The opinion of the court was delivered by: Cuff, P.J.A.D.
NOT FOR PUBLICATION WITHOUT THE APPROVAL OF THE APPELLATE DIVISION
Submitted: March 10, 2010 -
Before Judges Cuff, C.L. Miniman, and Waugh.
The opinion of the court was delivered by CUFF, P.J.A.D.
Plaintiff Samuel T. Flamma, Sr., is an Atlantic City firefighter. He filed a complaint against defendant City of Atlantic City (City) and various other parties when he was not appointed to captain during the effective term of a promotional list on which he was highly ranked. In his complaint, plaintiff, a Caucasian, alleged that the City engaged in reverse racial discrimination in violation of the Law Against Discrimination (LAD), N.J.S.A. 10:5-1 to -49, by refusing to promote him from the effective promotional list in the face of vacant positions. He further alleged that the City appointed African-Americans to the position of captain soon after expiration of the promotional list.
Following denial of the City's motion for a directed verdict, the trial judge submitted the case to the jury. Among the issues submitted to the jury was whether "a captain position was available." The jury returned a verdict in favor of plaintiff and awarded him $40,000 for lost wages, and $300,000 in punitive damages. The trial judge awarded attorneys' fees of $61,110, plus a fee enhancement of $14,107.50, $1,530.24 in costs, and $4,527.65 for pre-judgment interest. The judge also granted plaintiff equitable relief in the form of retroactive seniority at the rank of captain effective April 1, 2005, and ordered the City to fund plaintiff's pension commensurate with the retroactive rank of captain.
On appeal, the City argues that plaintiff was ranked fourth on the list promulgated by the Department of Personnel, and there were only two open or vacant positions. It argues that plaintiff could not and did not prove that a vacancy existed during the effective date of the promotional list to which plaintiff could have been appointed; therefore, he was not qualified for a position for which the employer was hiring. Accordingly, the City argues that its motions for directed verdict should have been granted.

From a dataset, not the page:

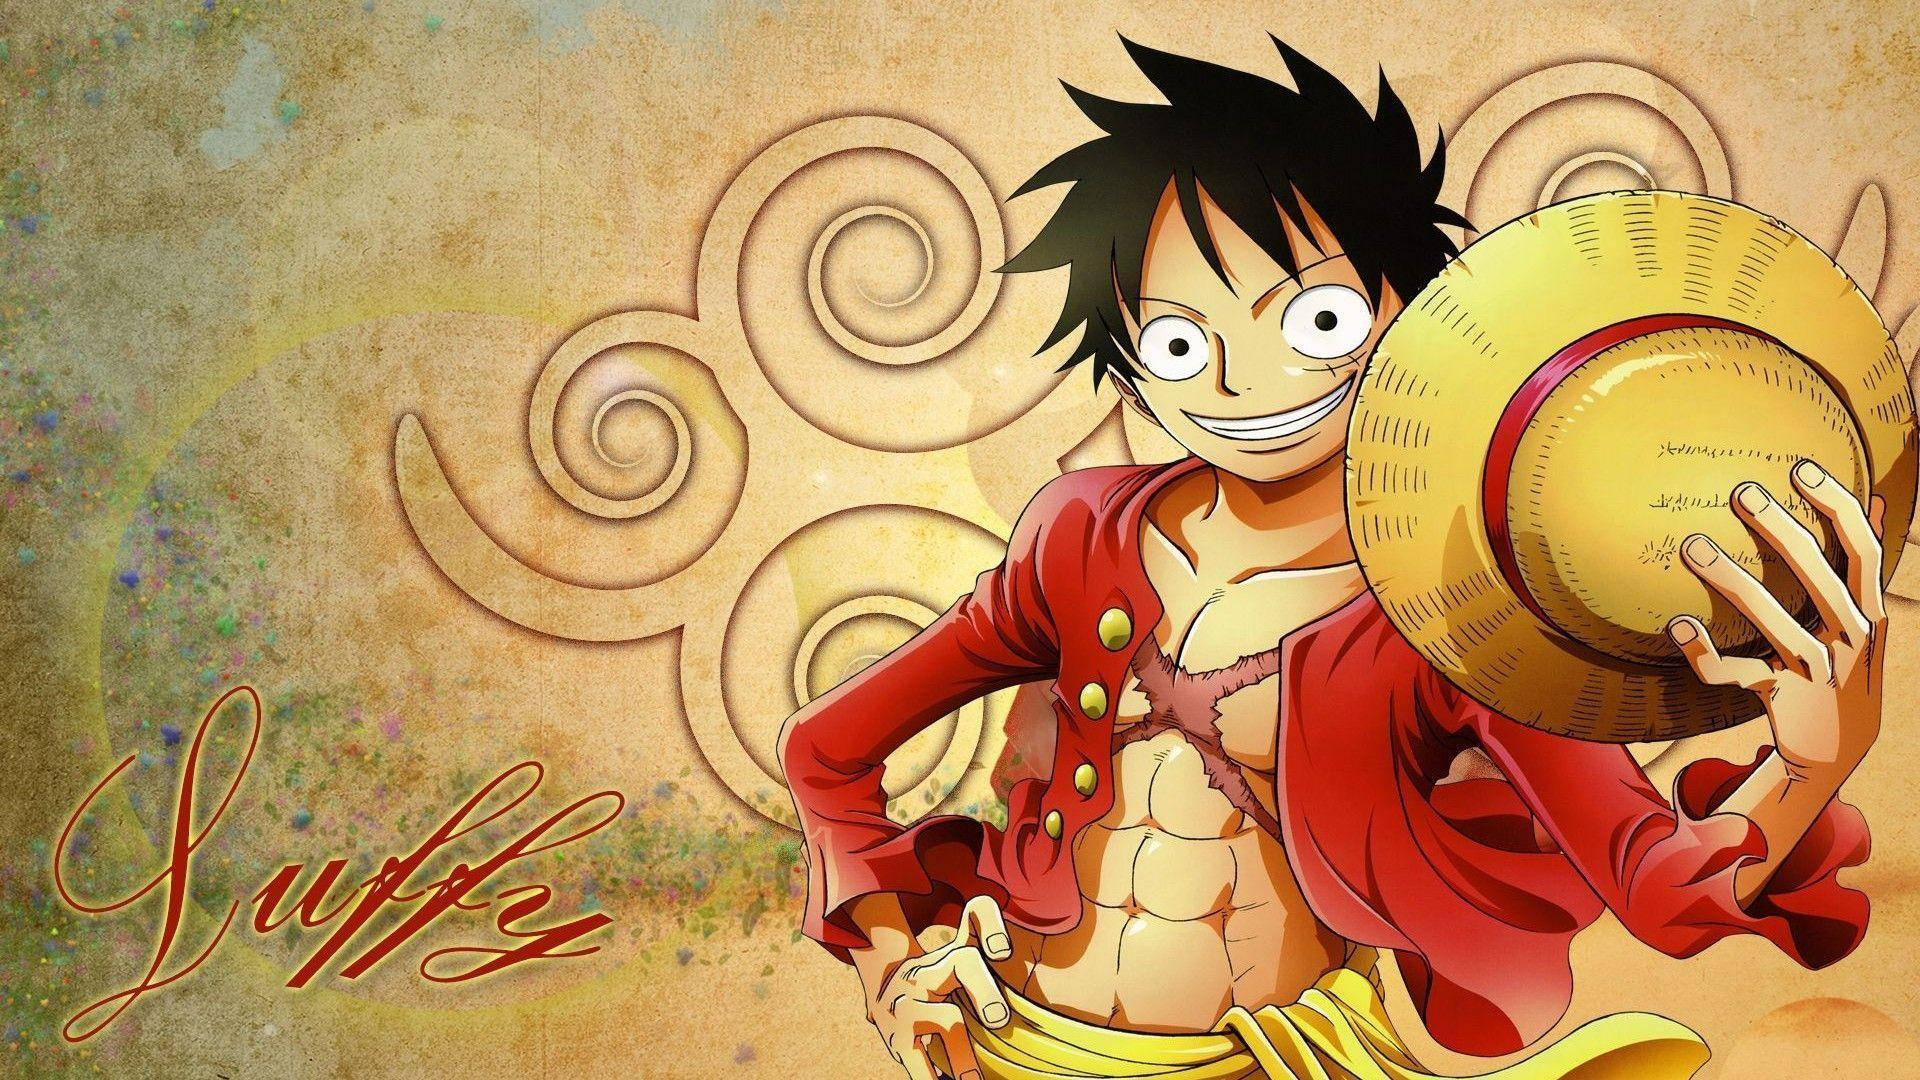 Luffy 4k With Iconic Straw Hat Wallpaper

The City also argues that the punitive damage award must be vacated because the judge allowed the jury to consider the City's financial condition and also allowed the jury to consider that two firefighters appointed to the captain position received retroactive pay awards from the City. Finally, the City contends that the attorneys' fee award is excessive because the judge granted an improper twenty-five percent enhancement and also awarded a contingent fee for costs and post-judgment work.
We reverse. The issue of whether plaintiff was a victim of reverse racial discrimination was founded on the existence of a vacancy during the effective term of the promotional list. That issue, in turn, cannot be resolved without reference to the law governing promotions in a Civil Service personnel system. Here, the factual record developed by plaintiff, viewed in accordance with the law governing promotions, barred relief. Moreover, even if the question had been properly submitted to the jury, the instruction provided was woefully inadequate to allow the jury to properly resolve the issue.

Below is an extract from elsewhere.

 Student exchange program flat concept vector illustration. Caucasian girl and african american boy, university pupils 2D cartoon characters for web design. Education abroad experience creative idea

Samuel Flamma has served as a firefighter with the Atlantic City Fire Department (ACFD) since 1982.*fn1 On February 1, 2008, Flamma assumed the rank of captain; he is assigned to Engine 7, Platoon 2. He had sought this position since he sat for the promotional exam in 2000. His efforts to obtain this promotion are the subject of this appeal.
From March 1, 2004 until March 1, 2007, the ACFD table of organization called for fifty fire captains in the Suppression Unit and five fire captains in the Prevention Unit. The ACFD budgeted for fifty positions. A firefighter who desires to obtain a promotion must take an examination administered by the Civil Service Commission.*fn2 Plaintiff did so in 2000 and was ranked 26A on the list promulgated by the agency and certified to ACFD. The list was effective April 12, 2001, and was set to expire on April 11, 2004. See N.J.S.A. 11A:4-6. The list was extended for an additional year and expired on April 11, 2005. See ibid. By March 1, 2004, many eligible individuals on the list had been promoted or retired; therefore, plaintiff had moved up to the fourth position of interested eligibles on the list. Andrew Gaffney, Christopher Heald, and Kevin Stransky, all Caucasian males, preceded plaintiff on the list.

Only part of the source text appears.